In respect of advance healthcare directives specifically.

Specifically, yes-----

Dr. Louise Campbell

Can I just say-----

-----given that we have established that all things can be set aside, really.

Dr. Louise Campbell

I completely see the theoretical problem and clinical problem with advance healthcare directives. However, the importance of an advance healthcare directive is that it focuses all stakeholders - family, healthcare providers and everybody - on what the patient's wishes would have been or were, given that he or she took the time to devise this document and draw it up.

That person-centred focus is a vitally important component of any legislation making provision for advance healthcare directives. It is very unlikely that a jurisdiction considering even discussing the potential or possible legalisation of assisted dying will make provision in that legislation for advance euthanasia directives, given that it is so uncommon everywhere else in the world.

Belgium and the Netherlands are outliers in this regard. The Netherlands has the longest tradition in the world of legalised assisted dying if we go back to the 1970s when it was decriminalised in certain contexts. I can see that it is a worry but I think it is an ancillary worry in terms of the present discussion.

The question of whether an advanced health care directive is implementable or can be implemented in practice depends on how much advice and information the directive-maker got at the beginning of the process, whether he or she has a designated healthcare representative to help professionals interpret the directive if there is any ambiguity, and how well educated those clinicians interpreting the directive are. Those factors are vital. There is a right to conscientious objection in all jurisdictions in which the practice is legal. The question is whether the conscientious objector has an ethical or legal obligation to refer the person requesting assisted dying to somebody who will assist him or her. We have seen this in our recent legislation on the termination of pregnancy. I hope that addresses the Senator's question.

Today has been extremely informative. There was an opinion poll in the Business Post this Sunday that indicated the overwhelming majority of respondents would support changing the legislation. All previous polls indicate the same. There is overwhelming support in Ireland not only for a debate on this issue but also for going beyond that to legislate. It is obviously up to us to make that decision. I hope we will in the foreseeable future.

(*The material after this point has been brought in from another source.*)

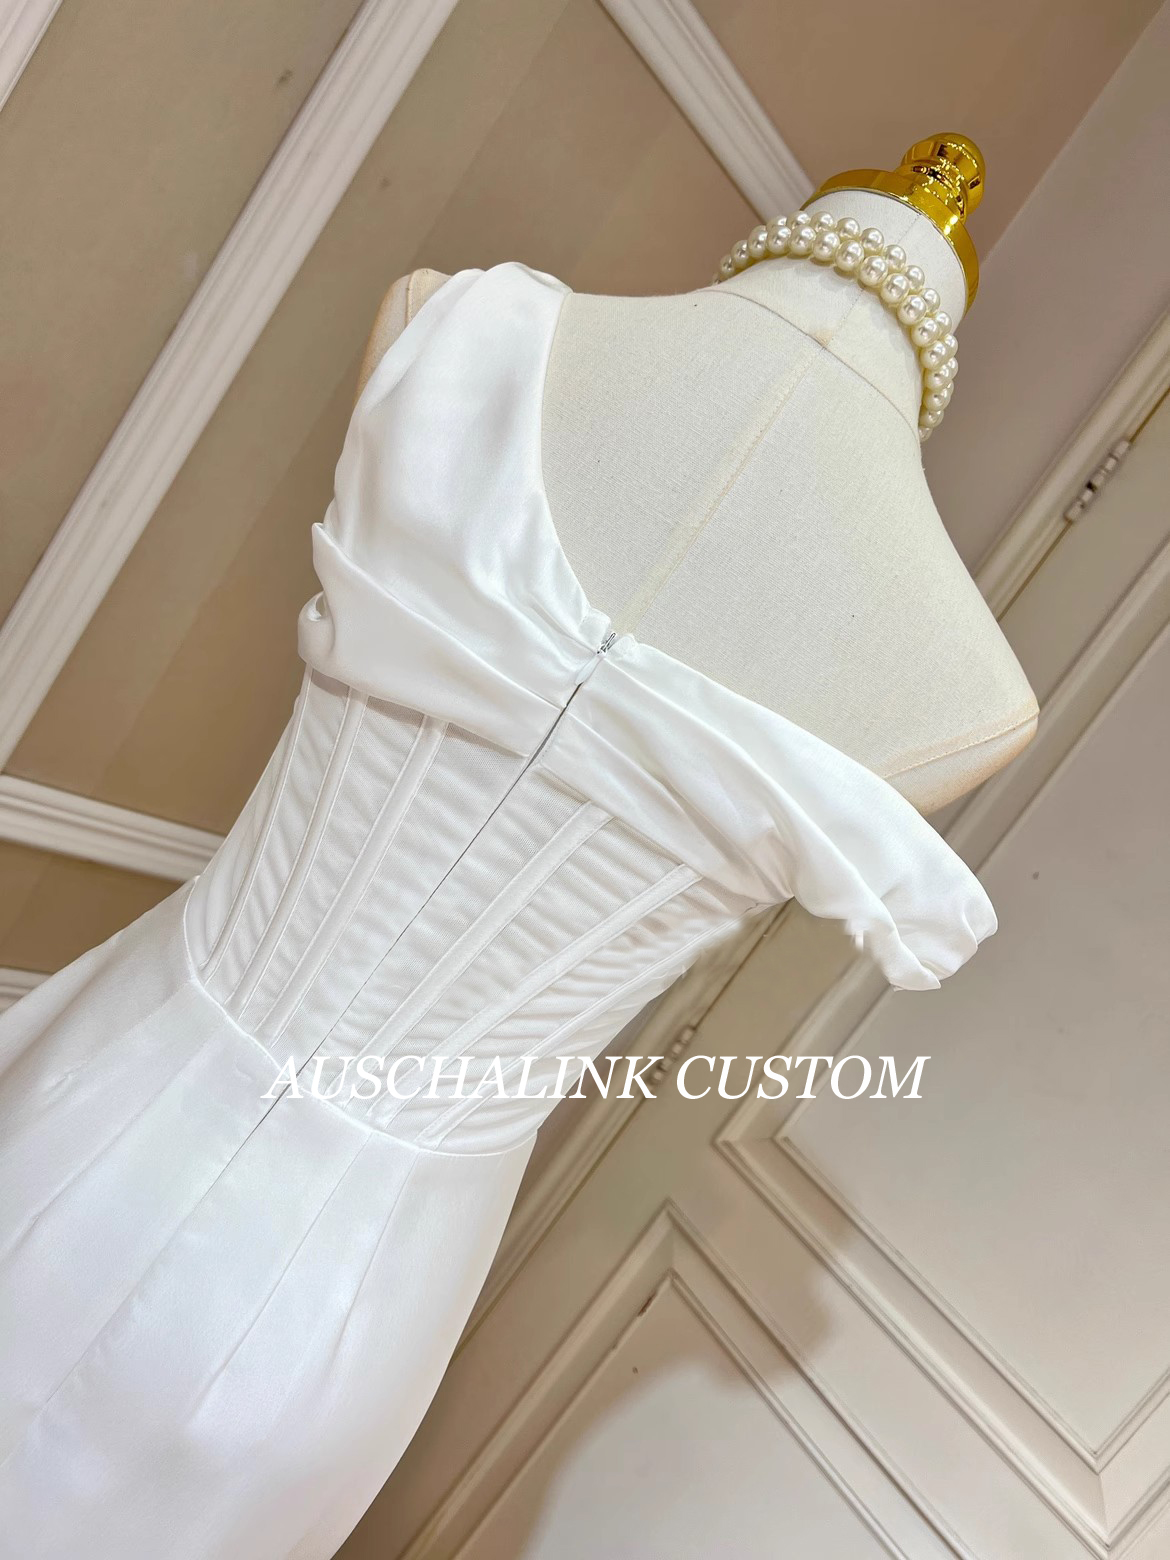 Manifattur tal-ODM Nisa Dress Maker (6)

We touched on capacity and safeguards. These are extremely important elements of assisted dying. Could Dr. Campbell run us through the process, particularly in the Netherlands, if somebody wants to avail of assisted dying? How long does it take from the time that a patient wants to avail of assisted dying to the day of taking the life-ending medication?

Dr. Louise Campbell

I might make a couple of inadvertent errors in responding. To the best of my knowledge, the person requests assisted dying and then that request is reviewed. The person's capacity is determined by the attending physician. The patient does not necessarily have to have an existing therapeutic relationship with the doctor he or she goes to. The request is reviewed by a second, independent physician. If there is any query about capacity or any symptoms of mental illness, or a query about mental illness, a third person has to be consulted, namely, an independent psychiatrist. My understanding is that the process could take as little as two weeks. I am not 100% sure about the timeframe but I believe two weeks is the absolute minimum if the criteria are met. Not all legal ending of life in the Netherlands is euthanasia. To Senator Seery Kearney, a small percentage of the total, maybe 1.2%, involves physician-administered medication. Generally, the doctor will administer the medication-----

Dr. Campbell made a very good point on why that is.

Dr. Louise Campbell

It could be botched by the person and they might not ingest the medication properly. They might regurgitate it.

That is an extremely important point. I thank Dr. Campbell.

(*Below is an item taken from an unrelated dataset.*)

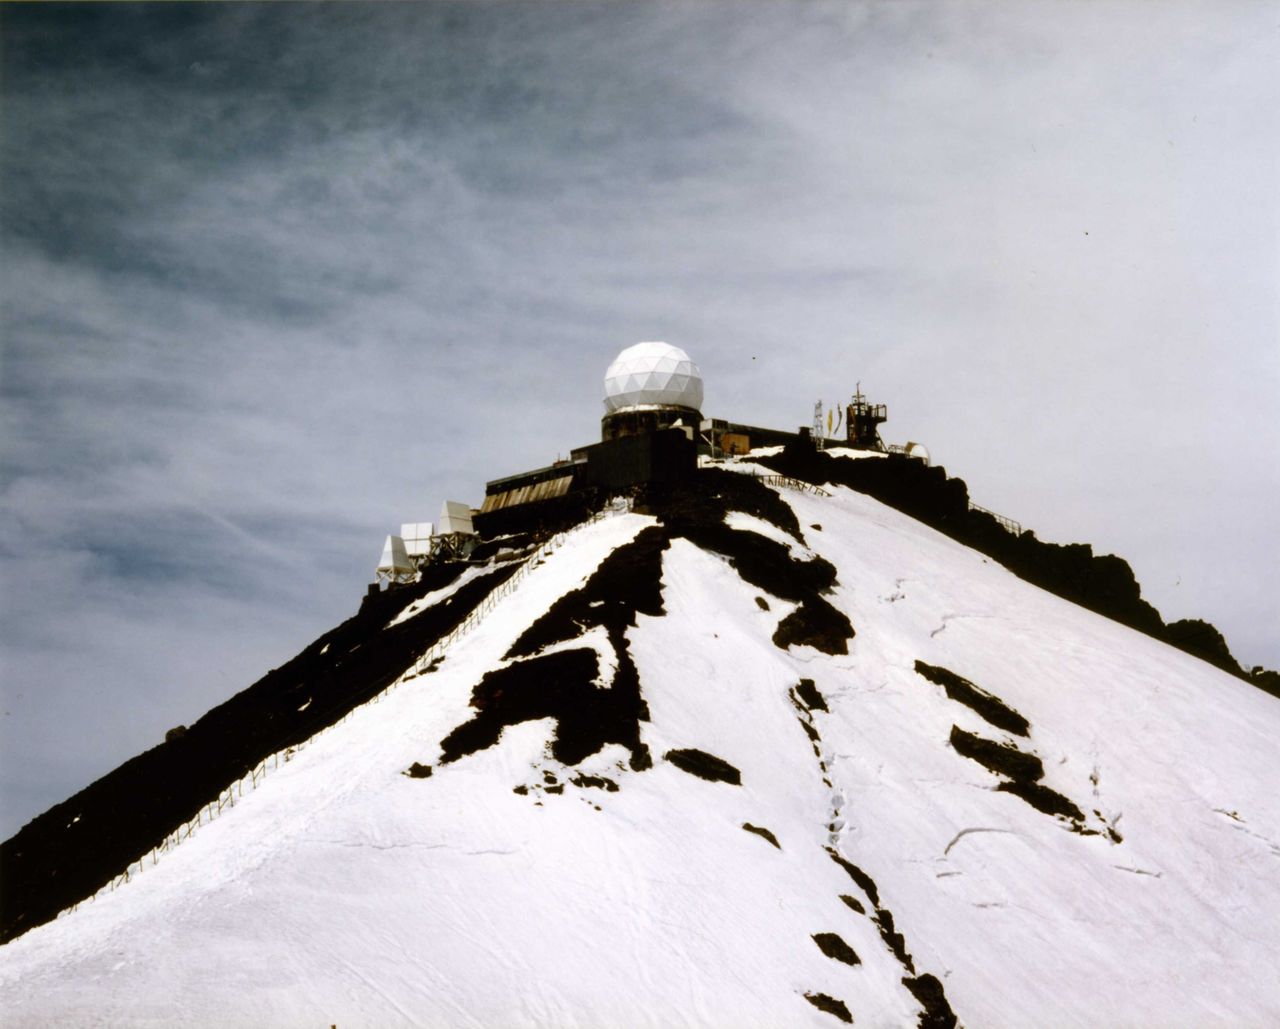 Le dôme du radar avant sa démolition en 2001. L’édifice reconstruit est aujourd’hui exposé au Musée du dôme du radar du Mont Juji, à Fujiyoshida, préfecture de Yamanashi. (Photo d’Iwazaki Hiroshi, chef de l’équipe de la Station de recherche du mont Fuji, la SRMF)

I asked most of my questions in the first round but I have a question on increasing numbers. We talked a lot in other sessions about travelling to Switzerland. If we are to examine the numbers for Switzerland, we must note they will be somewhat inflated because they will include people who travelled from jurisdictions where the service is not available. What is the position on assisted dying in states in Australia other than Victoria? Do people who travel to Victoria inflate the numbers? The same applies to the Netherlands and Belgium.

Are there safeguards around that? I am conscious the discussion may be slipping into some of the areas we will dig into in the international section in Dr. Campbell's experience of the differing levels of safeguards between, for example, the Benelux countries and Victoria, which work better?

Mr. Finn Keyes

Are those questions for us?

I directed them mainly at Dr. Campbell.

Mr. Finn Keyes

I will defer to Dr. Campbell.

Dr. Louise Campbell

My understanding is that apart from Switzerland, there is no provision in any other legislation for non-residents to be assisted to die, although this issue came up in a court case in Canada very recently. The residency criterion is, therefore, being looked at. This is emerging legislation in Australia. New South Wales has not even commenced its Act. That will happen in November but my understanding is that residency criteria are specified in all of those laws. The Northern Territory is the only state in Australia that has not introduced assisted dying legislation to date. It is all very new.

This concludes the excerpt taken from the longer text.